▸ Work instructions
Repeat the listing below in full and exactly. Pictures are to be omitted.

▸ Given information
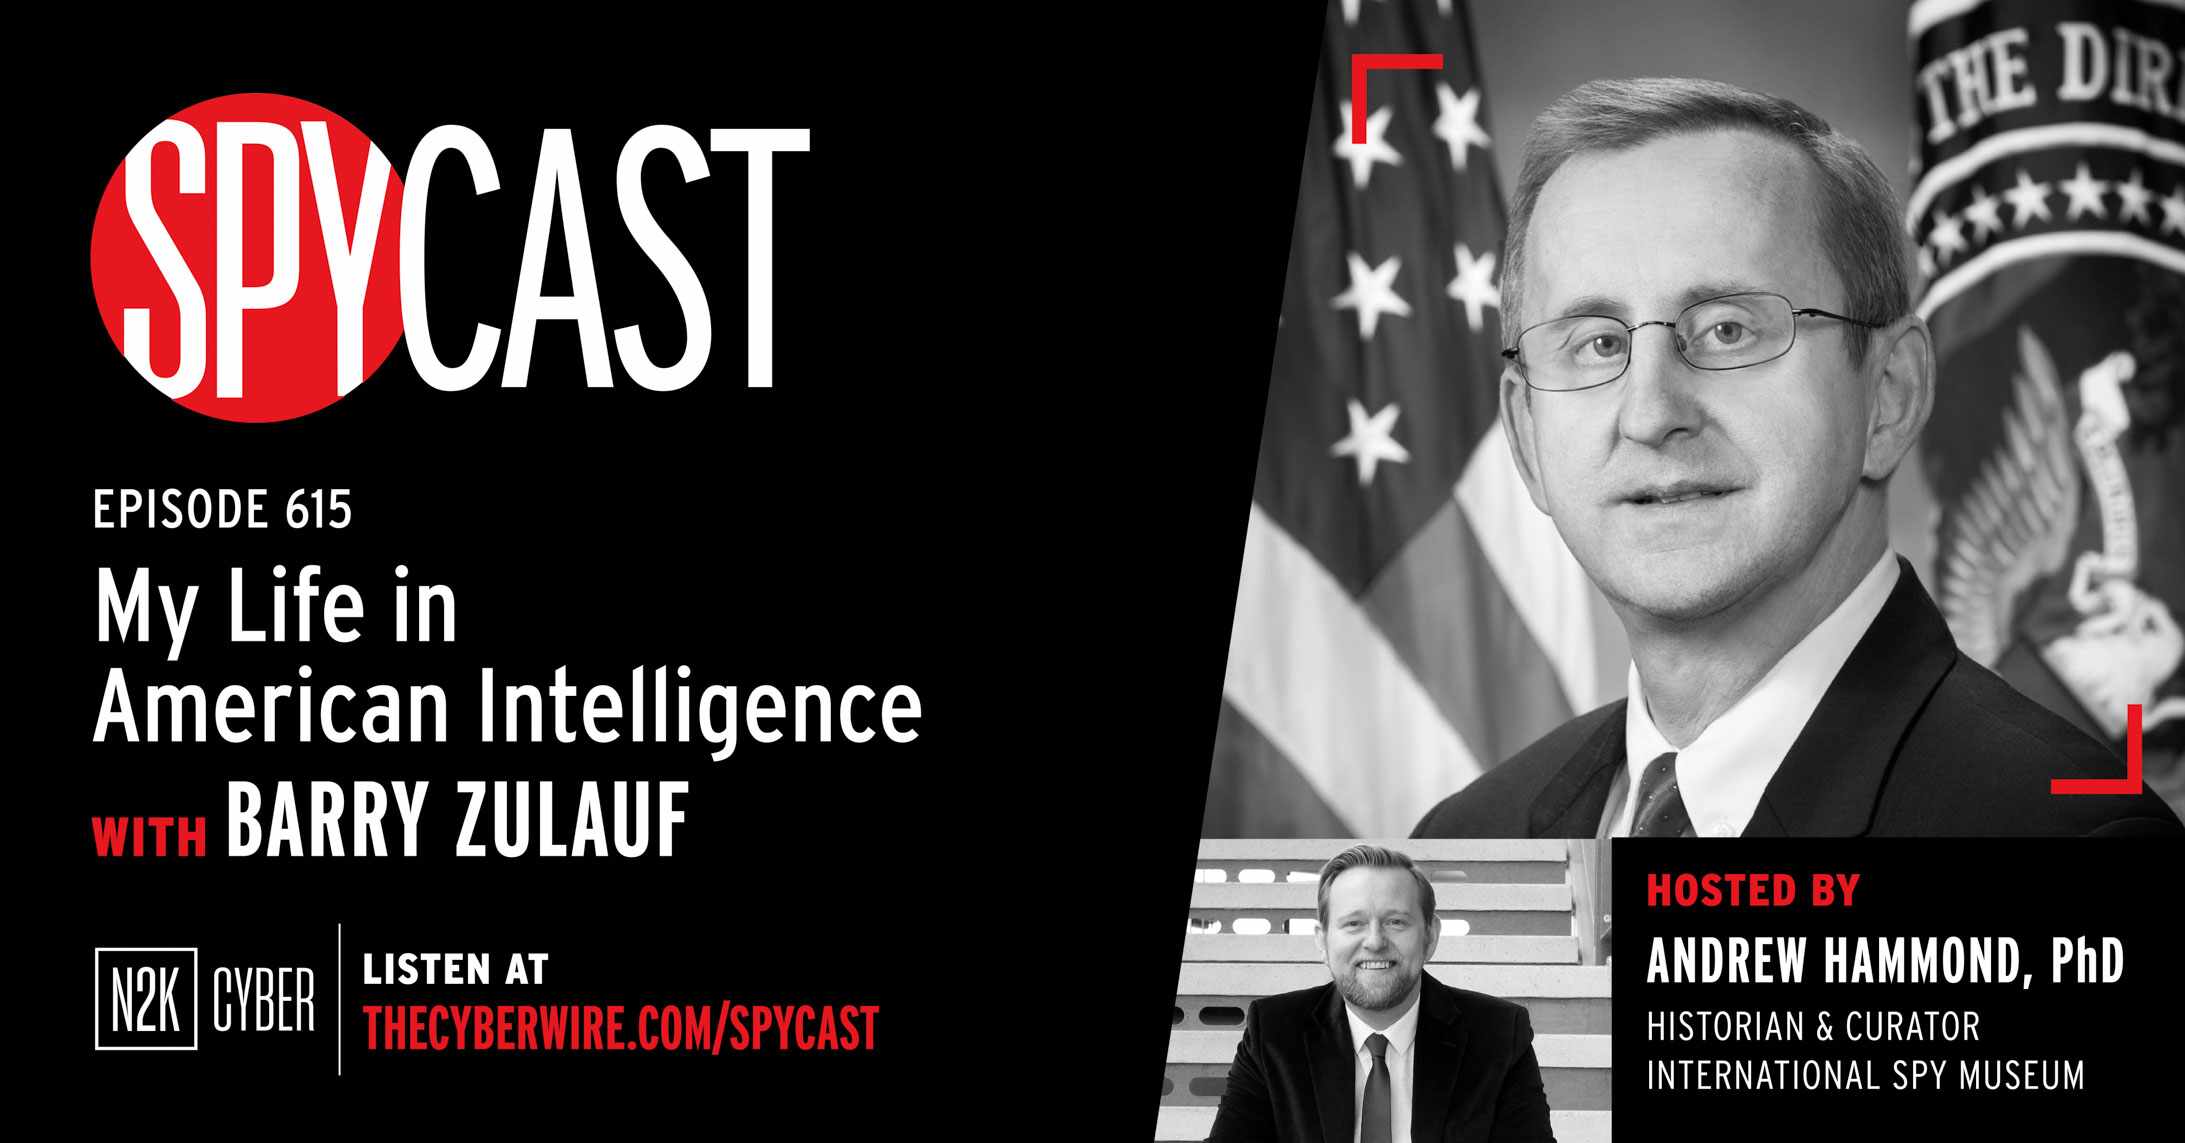 “My Life in American Intelligence” – with Barry Zulauf
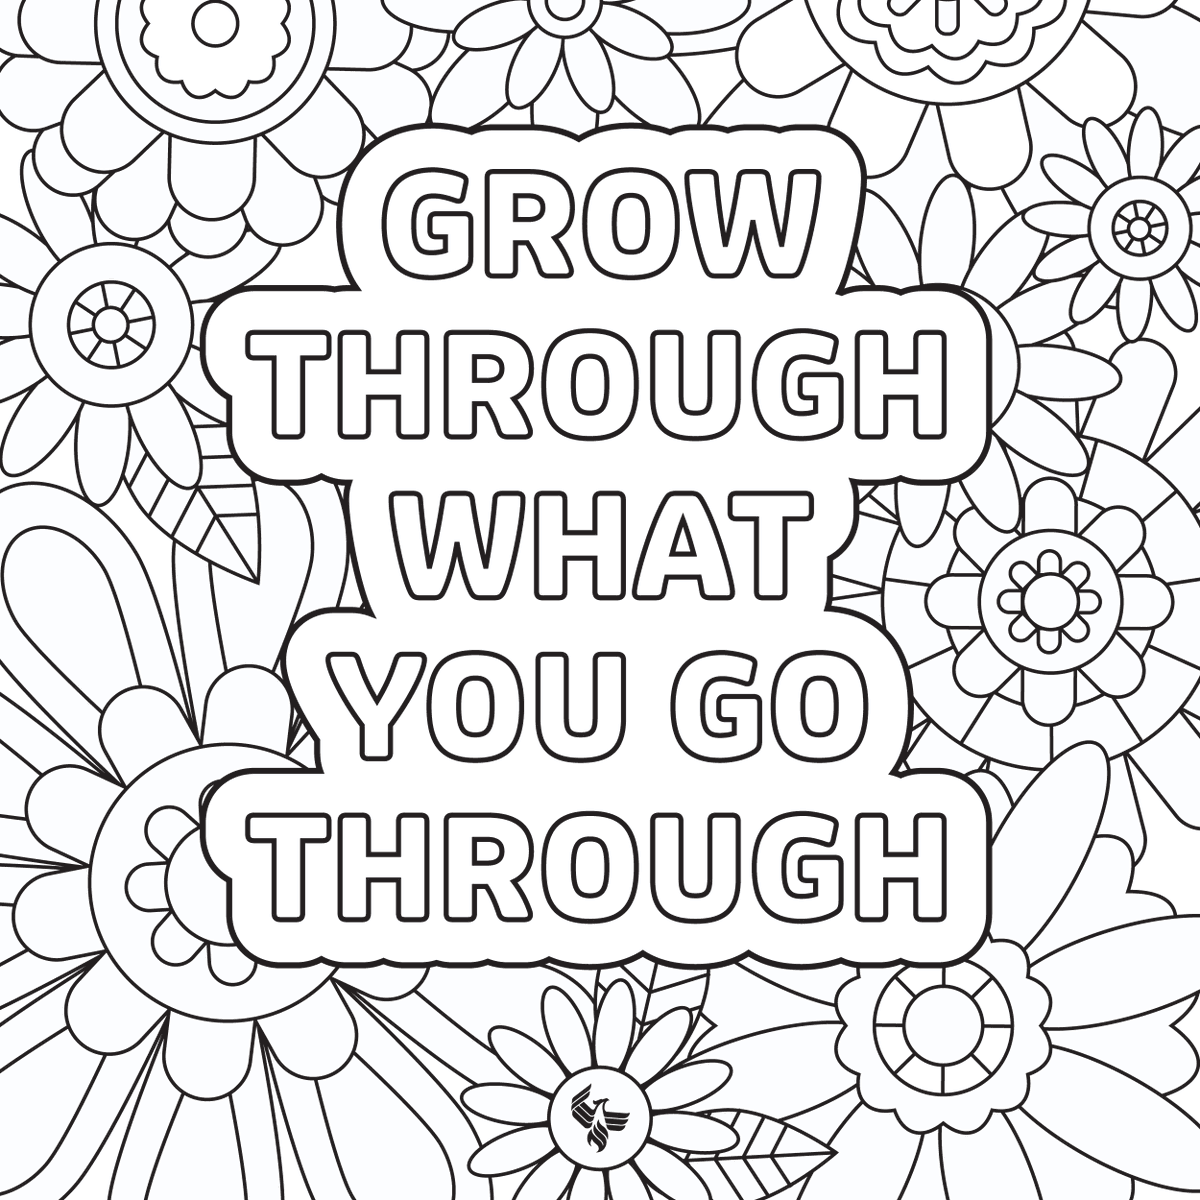 We fall. We rise. We learn. We grow. 🌱 Download this coloring page and enjoy some creative relaxation: uof.ph/ztmuBG
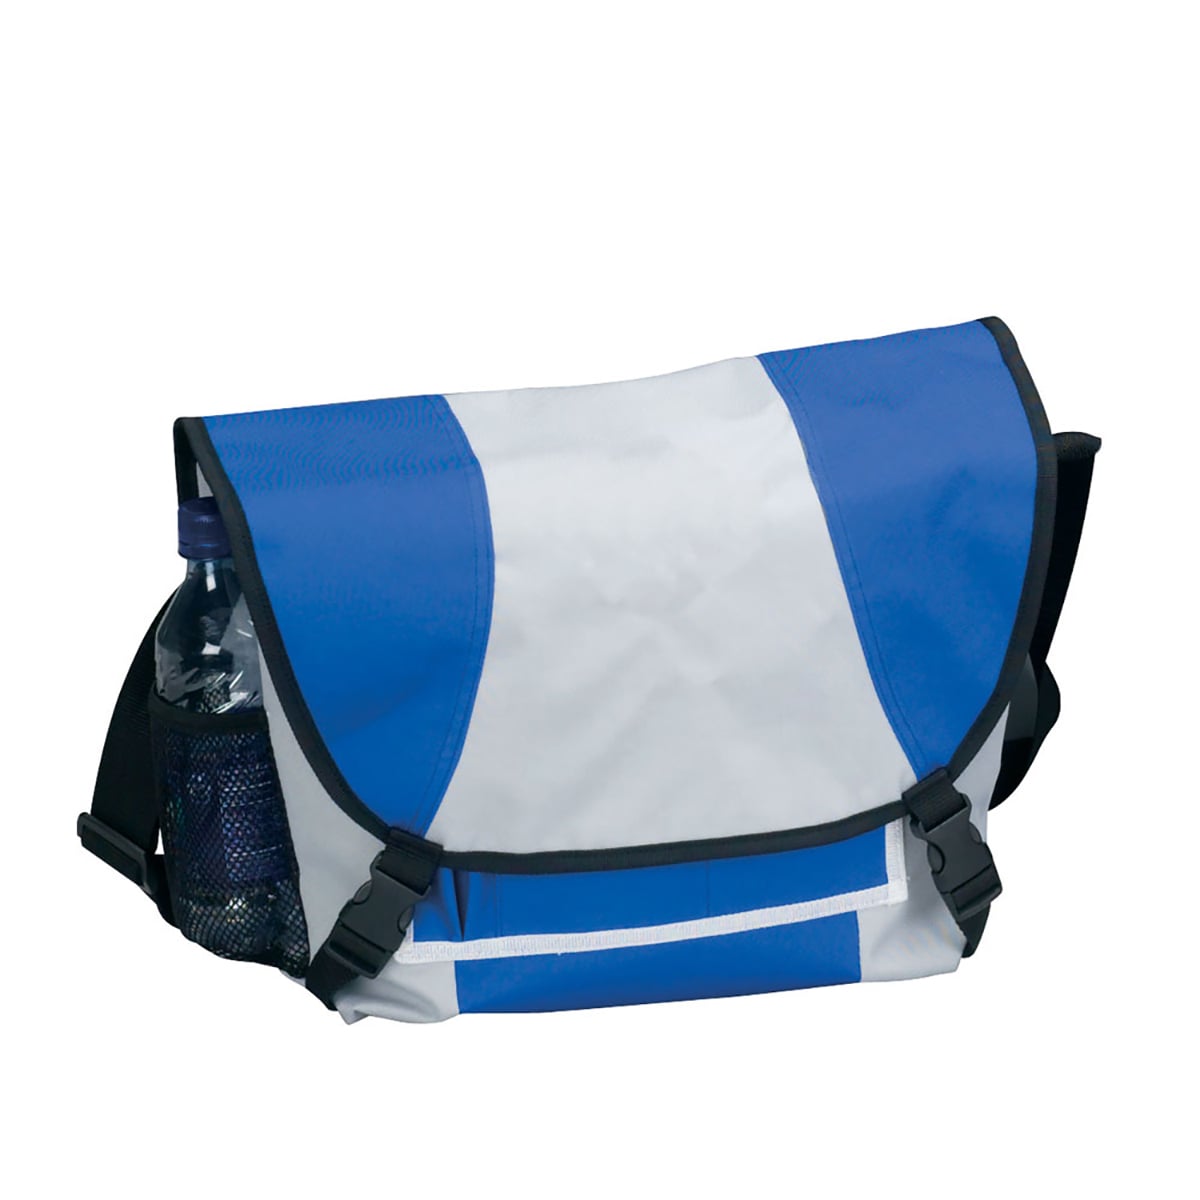 Goodhope Light Weight School Travel Flap Over Unisex Accessories Messenger Bag Blue - image 1 of 4

▸ Result for this task
 “My Life in American Intelligence” – with Barry Zulauf
 We fall. We rise. We learn. We grow. 🌱 Download this coloring page and enjoy some creative relaxation: uof.ph/ztmuBG
 Goodhope Light Weight School Travel Flap Over Unisex Accessories Messenger Bag Blue - image 1 of 4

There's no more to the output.